Prior to the end of 2023, Notice 2024-2 was issued from the Internal Revenue Service (“IRS”) providing guidance on miscellaneous changes to SECURE 2.0 Act of 2022 (“SECURE 2.0 Act).  While Notice 2024-2 is not meant to provide “comprehensive guidance,” the IRS issued the guidance to address “discreet issues” in order to assist with implementing certain provisions under SECURE 2.0 Act.  Notice 2024-2 focuses primarily on the following provisions:

  • Section 101 - expanding automatic enrollment in retirement plans

  • Section 102 - modification of credit for small employer pension plan startup costs

  • Section 112 - military spouse retirement plan eligibility credit for small employers

  • Section 113 - small immediate financial incentives for contributing to a plan

  • Section 117 - contribution limit for SIMPLE plans

  • Section 326 - exception to the additional tax on early distributions from qualified plans for individuals with a terminal illness

  • Section 332 - employers allowed to replace SIMPLE retirement accounts with safe harbor 401(k) plans during a year

  • Section 348 - cash balance plans

  • Section 350 - safe harbor for correction of employee elective deferral failures

  • Section 501 - provisions relating to plan amendments

  • Section 601 - SIMPLE and SEP ROTH IRAs

  • Section 604 - optional treatment of employer contributions or nonelective contributions as Roth contributions

In addition to addressing the above items, Notice 2024-2 also extended the deadline to amend retirement plans and incorporate required and discretionary plan amendments under SECURE Act, Section 104 of the Miners Act, section 2022 or 2203 of the CARES Act, section 302 of the Relief Act, and the SECURE 2.0 Act.  Accordingly, the new deadlines to adopt plan amendments are as follows:

  • Qualified plans that are not governmental plans or collectively bargained:  December 31, 2026;

  • Collectively bargained plans:  December 31, 2028; and

  • Governmental plans: December 31, 2029. 

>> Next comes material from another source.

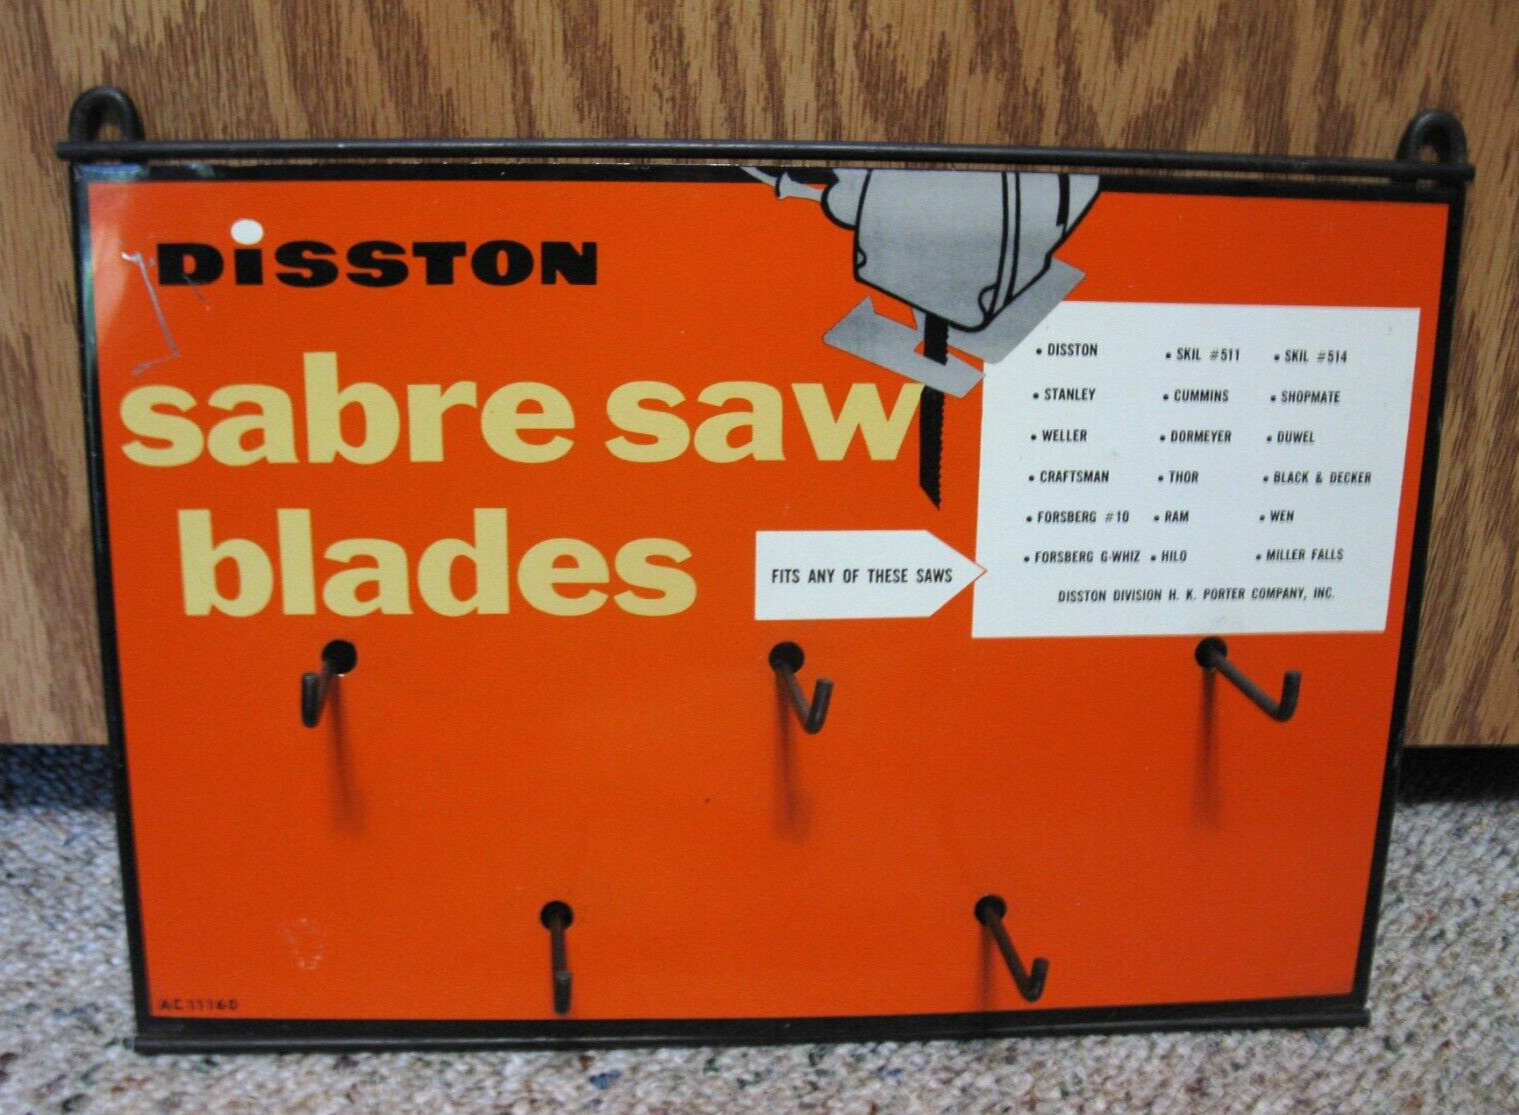 DISSTON Hardware Tool Store Shop Sabre Saw Blade Display Sign VINTAGE Metal

Finally, Notice 2024-2 clearly informs us that we can expect to see more from the Department of Treasury and the IRS as they “continue to analyze various provisions of the SECURE 2.0 Act and anticipate issuing further guidance, including regulations, as appropriate.”  Accordingly, while the extended deadlines to adopt plan amendments may provide a little breathing room for plan sponsors, many would also like to see the IRS address many of the other questions that remain with SECURE 2.0 and will welcome the additional guidance to come.